In order to minimize the risk (i.e. losses) associated with investing on the GSE, the Finance
Ministry has advised the government to adhere to the following guidelines:

(1) The total forecasted annual return for the four stocks must be at least 9% of the total
amount invested to justify the investment. Also, total possible losses must not exceed 8%
of the total amount invested.
(2) The amount invested in stock A and stock C must not exceed GHC200 million since
when one performs better (worse) the other also performs better (worse). Likewise, the
amount invested in Stock B and D must not exceed GHC350 million for the same reason
as that of Stock A and C.
(3) Although Stock A carries a risk of a loss of GHC 10, the government is willing to buy at
least 500,000 shares given the high return of Ghc18 per share.
a. Formulate a linear programming model to determine the number of shares of each
stock the government should buy in order to minimize the risk involved.

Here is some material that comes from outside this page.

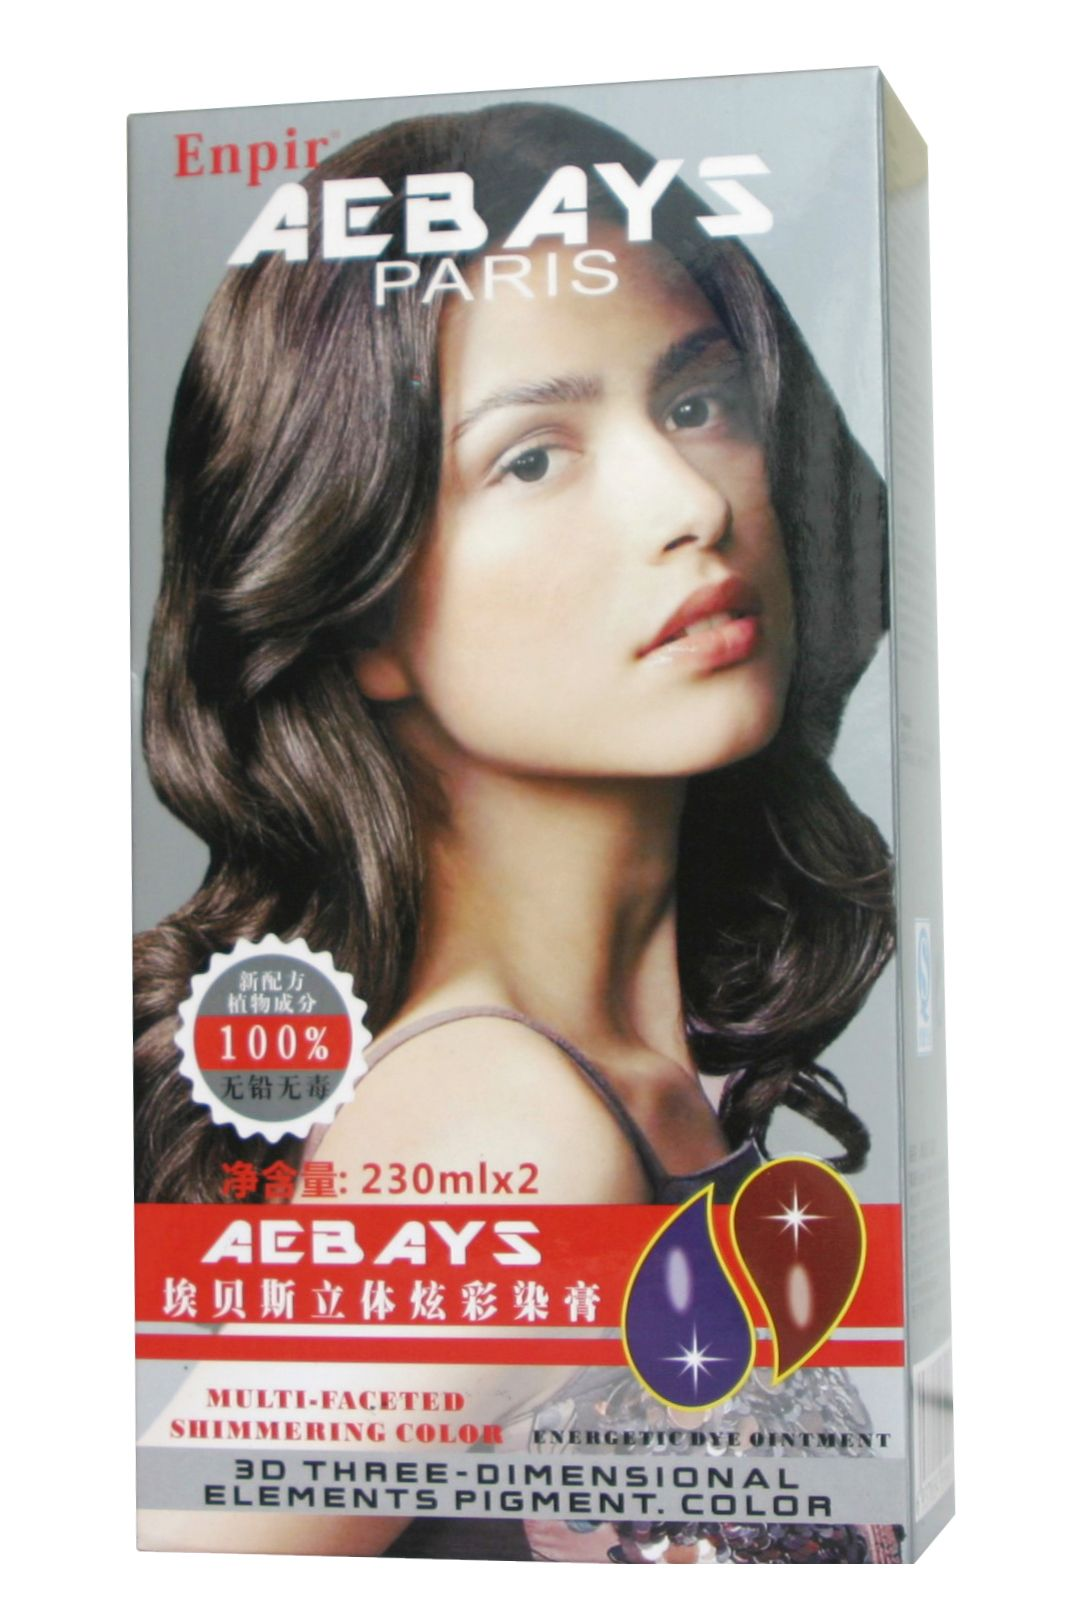 Hair Dye Color Dyed Hair Hair Dye Colors Cosmetic Companies

Note that
the government is not obliged to spend all the money intended for investment.

Final Reduced Objective Allowable Allowable


Name Value Cost Coefficient Increase Decrease
Shares in Stock A 2000000 0 10 1.25 1E+30
Shares in Stock B 0 2.25 6 1E+30 2.25
Shares in Stock C 0 2 6 1E+30 2
Shares in Stock D 1125000 0 5 3 0.56
Final Shadow Constraint Allowable Allowable
Name Value Price R.H. Side Increase Decrease
Possible losses 25625000 0 40000000 1E+30 14375000
Annual return 45000000 0.625 45000000 23000000 9000000
Amount in stock A and C 200000000 -0.0125 200000000 50000000 150000000
Amount in stock B and D 45000000 0 350000000 1E+30 305000000
Amount to invest 245000000 0 500000000 1E+30 255000000
Shares of stock A 2000000 0 500000 1500000 1E+30
b. How many shares of each stock should be bought given the objective and the constraints,
and what is the total possible loss that could occur?
c. Will the allocation change if the objective coefficient value for Stock B is decreased by
GH₵ 3? Explain
d. What will happen to the possible total loss if the total annual return requirement were to
be raised by GH₵ 10,000,000?
e. Interpret the reduced cost of GH₵ 2 for Stock C.